Wednesday, April 11, 2007

A Reader Breather

There's been some pretty heavy posts here in the past couple days, so I'll take a few lines to lighten the load a bit. I'm going to introduce what is rapidly turning into a fairly serious academic exploration for me. If anyone out there has read my profile, I mention an interest in something called 'resilience':

Ecosystem resilience is the capacity of an ecosystem to tolerate disturbance without collapsing into a qualitatively different state that is controlled by a different set of processes. A resilient ecosystem can withstand shocks and rebuild itself when necessary. Resilience in social systems has the added capacity of humans to anticipate and plan for the future. Humans are part of the natural world. We depend on ecological systems for our survival and we continuously impact the ecosystems in which we live from the local to global scale. Resilience is a property of these linked social-ecological systems (SES). "Resilience" as applied to ecosystems, or to integrated systems of people and the natural environment, has three defining characteristics:

  • The amount of change the system can undergo and still retain the same controls on function and structure
  • The degree to which the system is capable of self-organization
  • The ability to build and increase the capacity for learning and adaptation

I'm more into the social side of SESs, mostly because I am not a biologist and my education/interest is in the social sciences. That's an aside, however, so I'll keep it simple and general here. The two most interesting things are the "adaptive cycle" model and the associated "panarchy" system of linked, multiscaled adaptive cycles. It is these models that explain the life cycle of systems from ecosytems to global financial systems. In the adaptive cycle, very basically stated, a system start simple, get evermore complex and larger at it grows, reach a point where it cannot sustain itself, and then collapses (due to some random event) and reorganises into some new system(s) and repeats the process. An example you might easily connect with is Iraq. Prior to 2003 Iraq was a complex, stressed but fairly stable state (a system). The US invasion collapsed that system, and the country is brutally reorganising itself along new lines, with thousands of new cycles of collapse and renewal taking place across Iraq as it finds itself a new stable state. A big easy one would be the evolution of life on Earth from wee one-celled bits of organism in primordial sea, to the diverse planet we live on now, with the great adaptive cycle collapsed a few times around the extinction of the dinosaurs, and possibly soon global warming. Generally speaking, the more resilient a system is, the simpler and more adaptable it is. It gets a little more complicated than this, but I hope you get the basic picture. The model of the cycle (you'll see it if you follow the links) looks like an infinity symbol.

The geek in me sees resilience as a great way to look sustainability for two reasons. First, it provides a model to help us develop better ways of living on the Earth. And second, it is optimistic. Things get bad, then they get better, we just have to be adaptable enough to do it. And life goes on..errr..hopefully with human life and civilisation still intact. A bit of optimism can't hurt us these days.

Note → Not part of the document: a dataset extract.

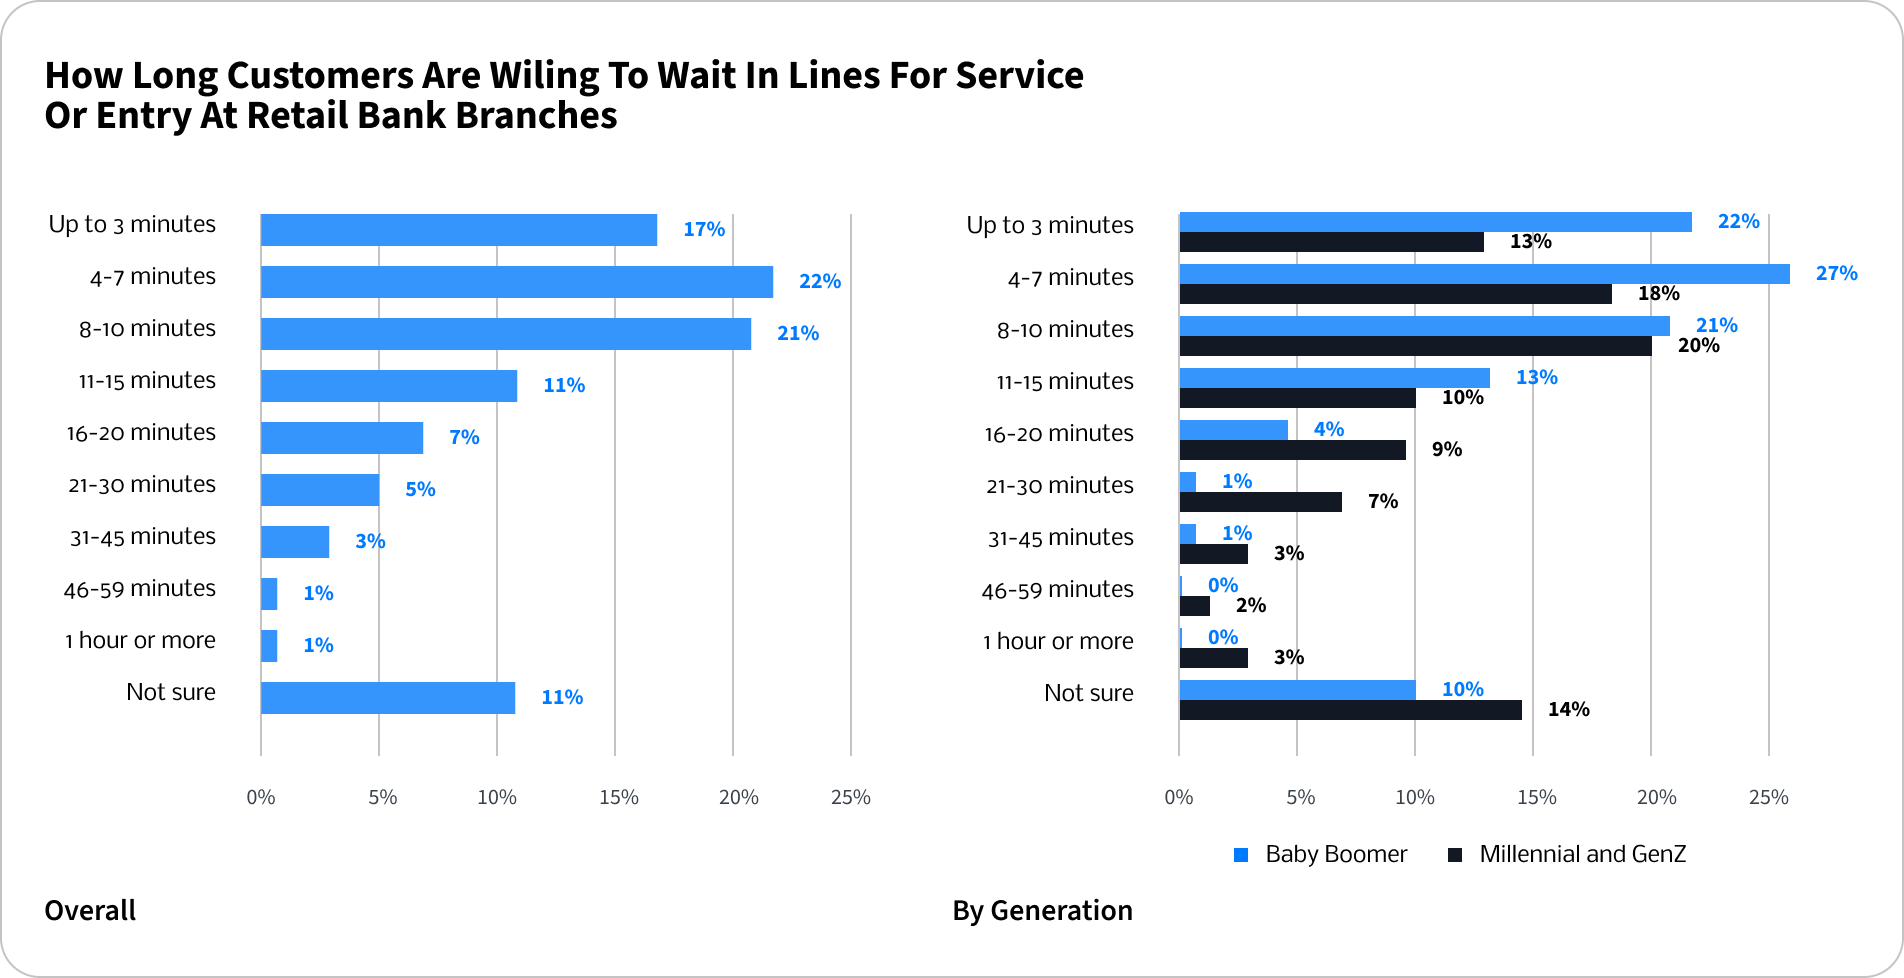 How long customers are willing to wait in lines for service or entry at retail bank branches chart

It may also be of interest to know that Dr. CS "Buzz" Holling, the key founder of the theory, is Canadian.

The resilience research group's website is definitely worth exploring if you're keen. They have a blog as well, linked on the right-hand side of the main website. Also linked is their free access multidisciplinary journal - Ecology & Society. Thomas Homer-Dixon bases his latest book around the concept, making it very accessible to the general public (good starting point), while dressing it up with his own spin and new fangled noun (he's not as original as he thinks he is but that's another story). A more scholarly introduction can found here. Enjoy.